• [Instructions for the task]:
In the records below, find the line with "2017 Land Rover" and the line with "If you are ever"; return exactly those lines and every line between them.
----- Exercise inputs
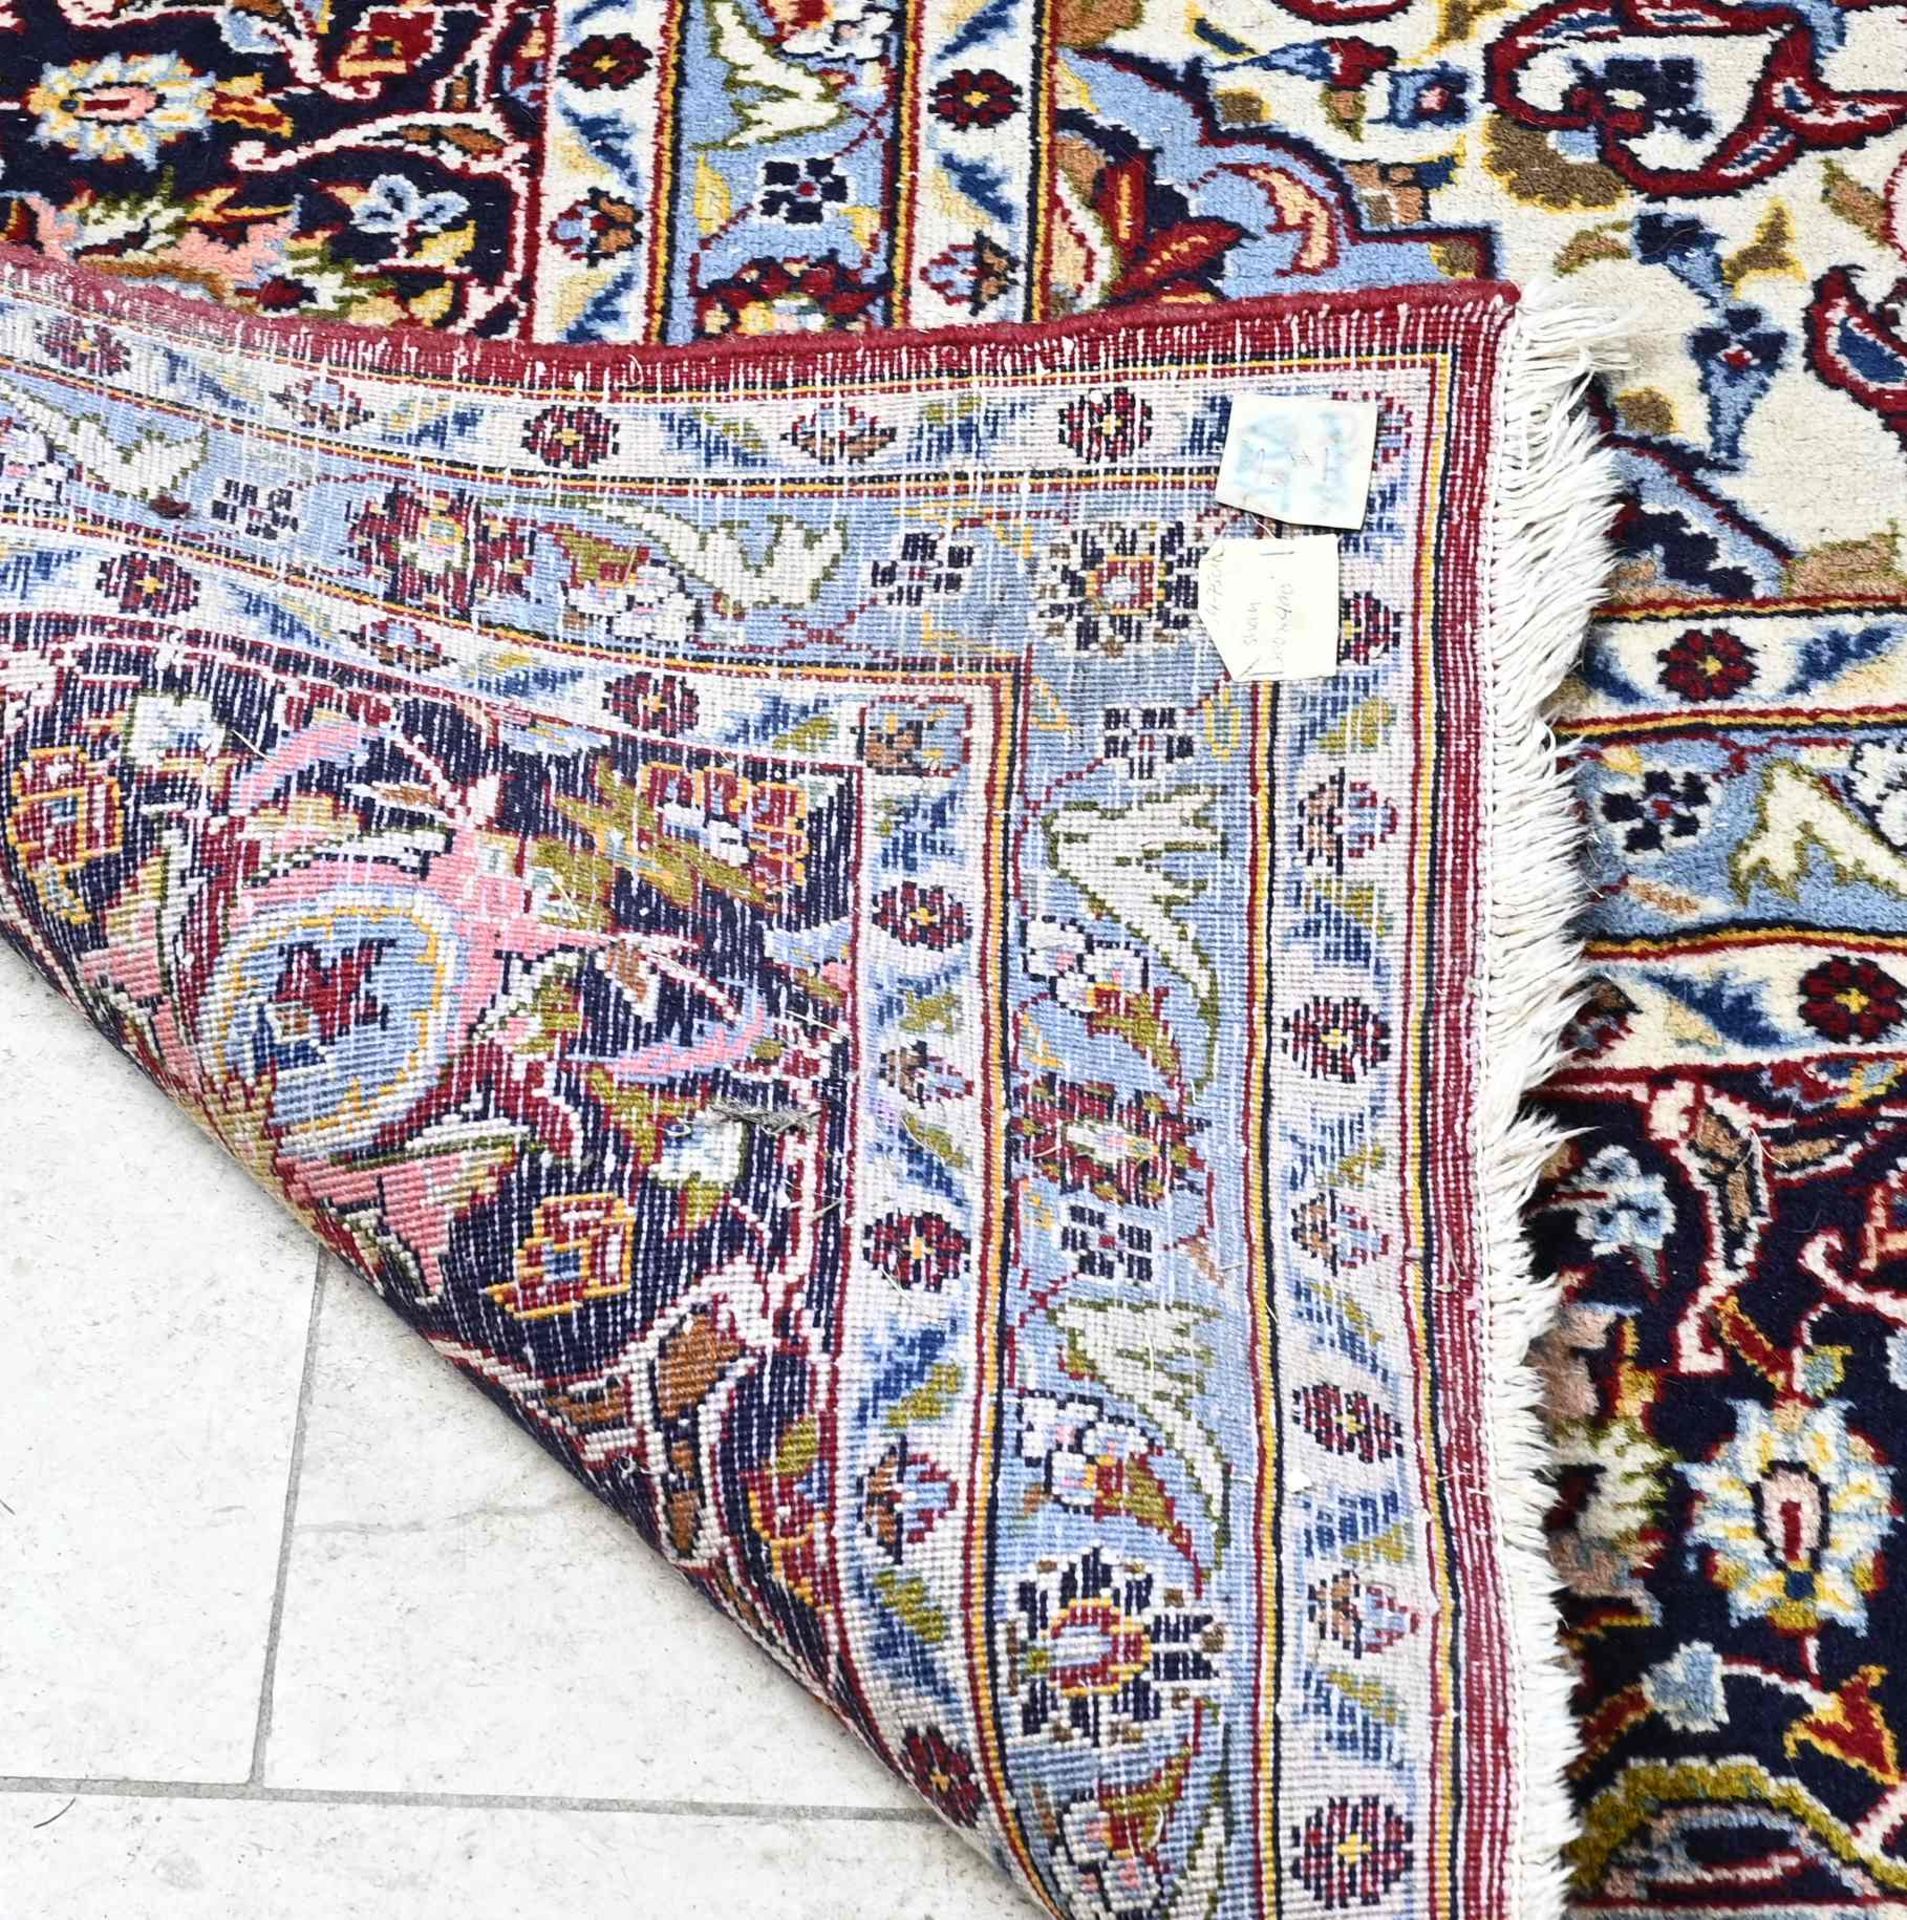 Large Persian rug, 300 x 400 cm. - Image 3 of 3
----------
----- Exercise inputs
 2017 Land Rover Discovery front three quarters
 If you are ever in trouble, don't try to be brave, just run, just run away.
----------
• [Task solution]:
 2017 Land Rover Discovery front three quarters
 If you are ever in trouble, don't try to be brave, just run, just run away.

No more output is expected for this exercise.